Defendant seeks dismissal of Plaintiffs' negligent misrepresentation, fraud, and warranty of habitability claims pursuant to Federal Rule of Civil Procedure 12(b)(6). [See generally #11] Defendant argues that each of the four claims at issue is preempted by the Colorado Premises Liability Act ("CPLA"). C.R.S. § 13-21-115(2). [Id. at 5-6] Even if not preempted by the CPLA, Defendant argues that: (1) the economic loss rule bars Plaintiffs' negligence claims; (2) the merger clause in the home's lease agreement bars Plaintiffs' negligence and fraud claims; (3) Plaintiffs' negligence claims were filed after the applicable statute of limitations; and (4) the Complaint does not state a claim under Colorado's warranty of habitability statute. [Id. at 7-11] The Court's jurisdiction in this matter is based on diversity of citizenship under 28 U.S.C. § 1332(a) and, therefore, the Court applies the substantive law of Colorado to determine whether Plaintiffs have sufficiently plead their First, Second, Third, and Fourth claims.
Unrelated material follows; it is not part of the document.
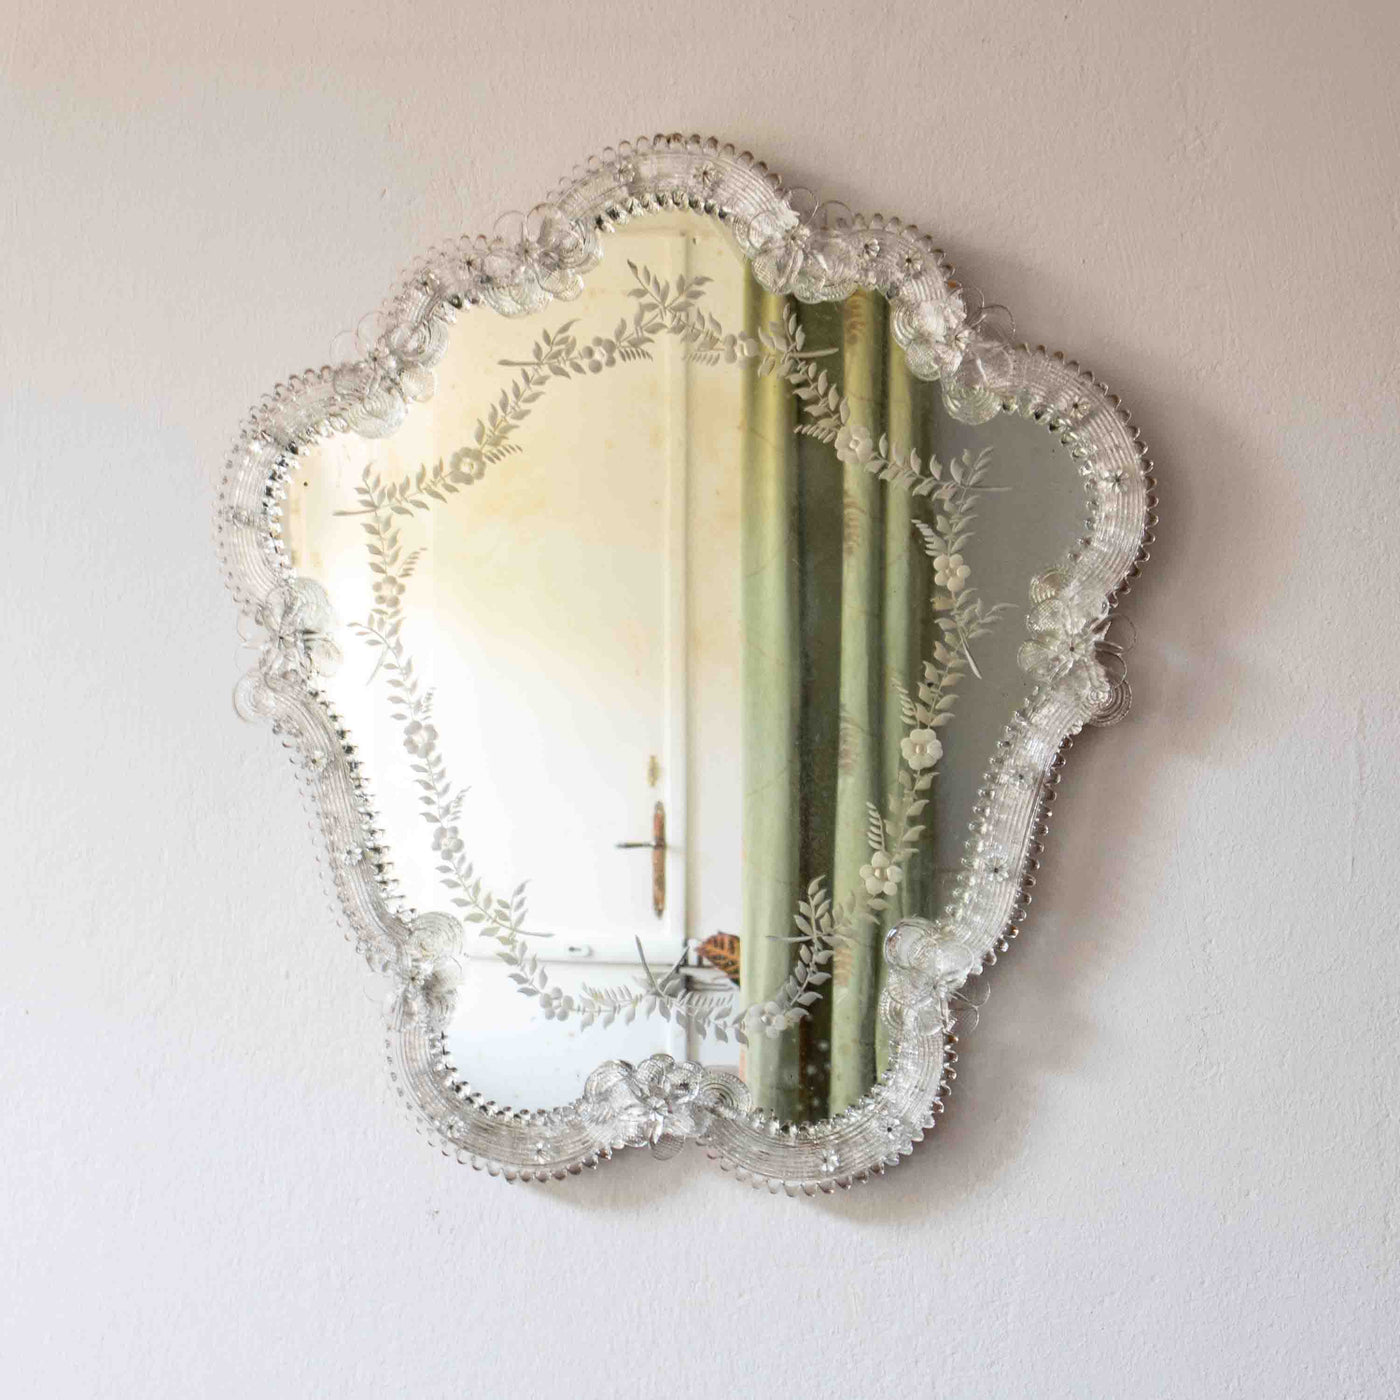 Spiegel aus Murano, Vorderseite

The Court agrees with defendant that Plaintiffs' common law claims—the First, Second, and Third claims—are preempted by the CPLA, but disagrees as to the Fourth claim under the warranty of habitability statute. The Court additionally finds that Plaintiff has sufficiently stated a claim under the warranty of habitability statute.

Because the Court finds that these claims are preempted by the CPLA, it finds it unnecessary to address the alternative theories of economic loss, merger, and statute of limitations.

A. Colorado Premises Liability Preemption

The CPLA "delineates duties owed by landowners to third persons who enter on the land under circumstances that cause those persons to be categorized as trespassers, licensees, or invitees." Trailside Townhome Ass'n, Inc. v. Acierno, 880 P.2d 1197, 1202 (Colo. 1994) (en banc). "The statute applies to a personal injury action that meets four requirements: (1) the action involves the plaintiff's entry on the landowner's real property; (2) the plaintiff's injury occurred while on the landowner's real property; (3) the injury occurred by reason of the property's condition, activities conducted on the property, or circumstances existing on the property; and (4) the landowner breached the duty of care it owed the plaintiff under the premises liability statute's classification of trespasser, licensee, or invitee." Larrieu v. Best Buy Stores, L.P., 303 P.3d 558, 562 (Colo. 2013).

The CPLA was enacted to "protect landowners from liability in some circumstances when they were not protected at common law and to define the instances when liability will be imposed in the manner most consistent with the policies set forth" in the statute. C.R.S. § 13-21-115(1.5)(e). Thus, the "overriding purpose of the premises liability statute is to clarify and to narrow private landowners' liability to persons entering their land. . . . General negligence law would not provide such protection." Pierson v. Black Canyon Aggregates, Inc., 48 P.3d 1215, 1219 (Colo. 2002) (en banc) (internal citations omitted); see also Danielson v. Wal-Mart Stores, Inc., 06-cv-00053-EWN-PAC, 2006 WL 2385215, *2 (D. Colo. Aug. 17, 2006).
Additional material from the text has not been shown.